PBN FILE PHOTO/HILARY ROSENTHAL
MORE THAN SKIN DEEP: Perfuzia Medical CEO Sagi Brink-Danan founded the company in 2009 with fellow Israeli ex-pat Shai Schubert. The company, along with Brown University and Rhode Island Hospital, was recently awarded a state grant for its tissue-wound work.
Posted 5/28/12

(Updated May 31, 2012)

Perfuzia Medical Inc. CEO Sagi Brink-Danan was looking for the kind of idea you could build a company around and fellow Israeli ex-pat Shai Schubert had a big one: technology that could potentially ease the suffering of thousands of people with chronic tissue wounds such as burns and bedsores.

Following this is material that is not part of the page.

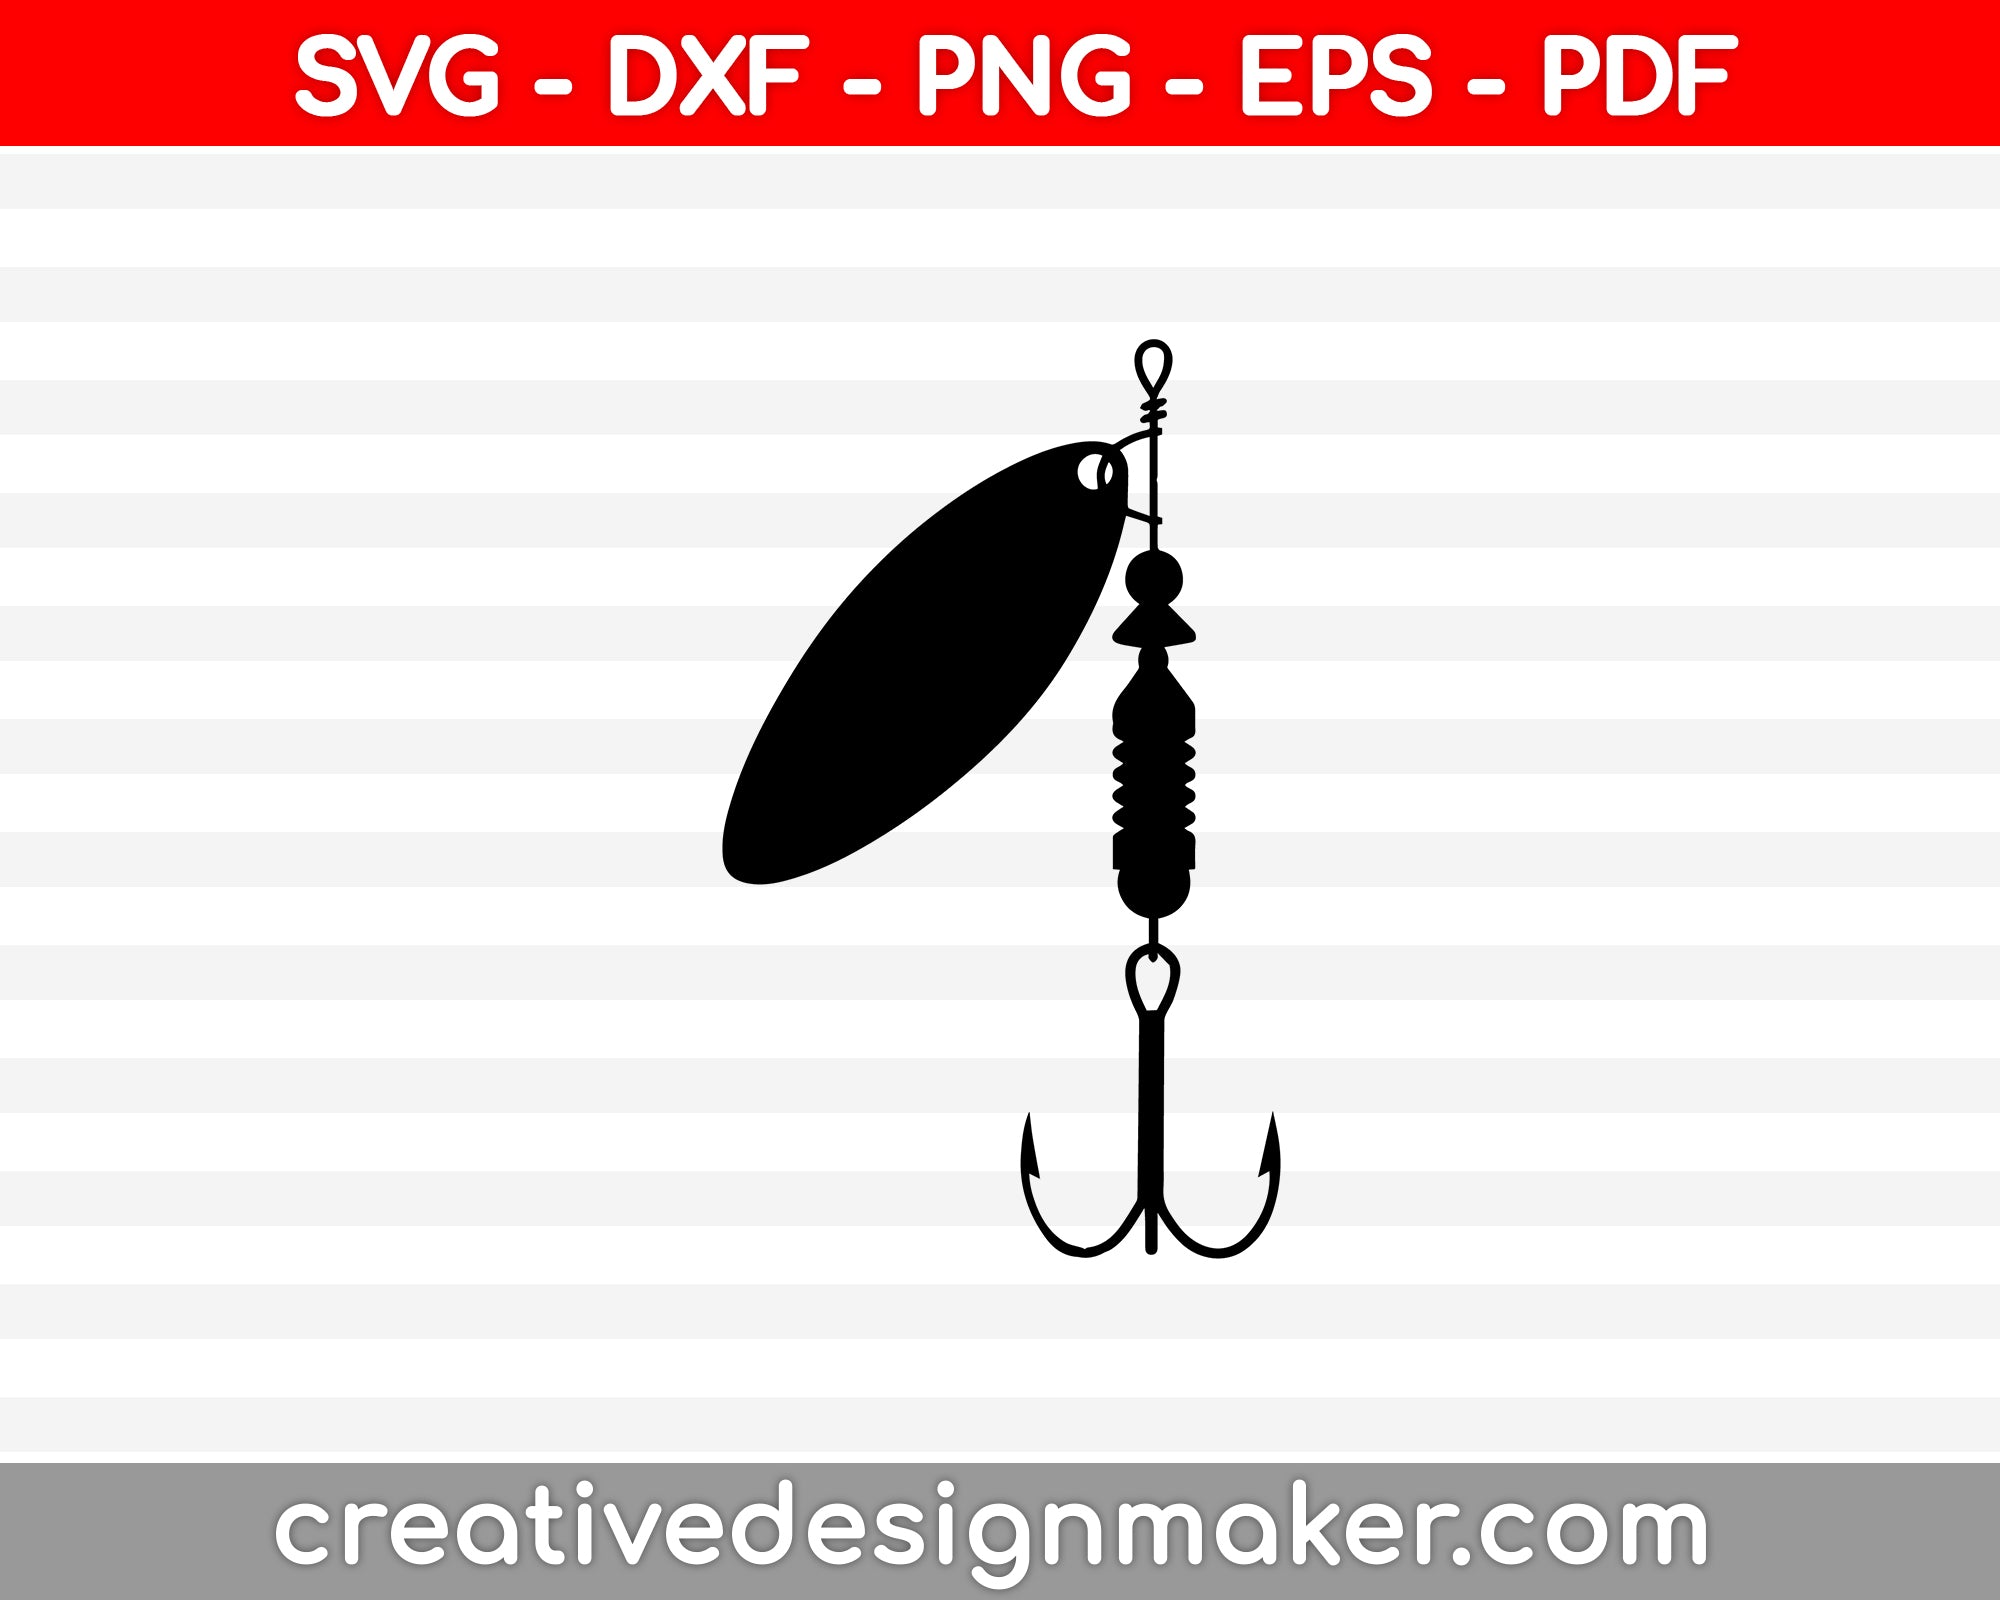 Master baiter fishing hook digital design - adult humor SVG PDF PNG

Schubert, a Harvard-trained vascularbiologist, realized that the existing treatment for chronic tissue wounds in many cases did little for patients. The reason the wounds become chronic in the first place is oxygen deprivation, Brink-Danan said, and treatments that deal with the surface of the skin don’t solve the problem.
“He realized that cell therapies were 20 years away from the clinic and there must be something we can do to help these patients,” Brink-Danan said. “We looked into other options and asked why these wounds don’t heal. The answer was: they don’t get enough blood.”
The solution Brink-Danan and Schubert came up with, and founded Perfuzia Medical to develop, was a device to stimulate blood flow to wounded tissue through mechanical vibrations.
After initial tests of the treatment were encouraging, Perfuzia, Brown University and Rhode Island Hospital were recently awarded $200,000 from the state of Rhode Island to take the device into full-scale clinical testing.
“That is a tremendous step for us that will allow us to do a very well-designed, top-level study,” Brink-Danan said.
While looking into the cause of the problem, Brink-Danan, who came to the United States 10 years ago and got an MBA from Babson College, also realized the scale of the issue and, as a result, the potential market of a product that could address it.
Although a low-profile problem compared with many health conditions, chronic wounds affect between 7-8 million people in the Unites States each year with a cost of about $20 billion.
As Brink-Danan pointed out, it was complications from a pressure-ulcer infection that caused the death of actor Christopher Reeve, who was well-known in Israel for his work there on stem-cell research.
The first prototype that Perfuzia developed for healing wounds was about the size of a shoebox and, while it showed promise, was awkward, heavy and difficult to use on a large scale.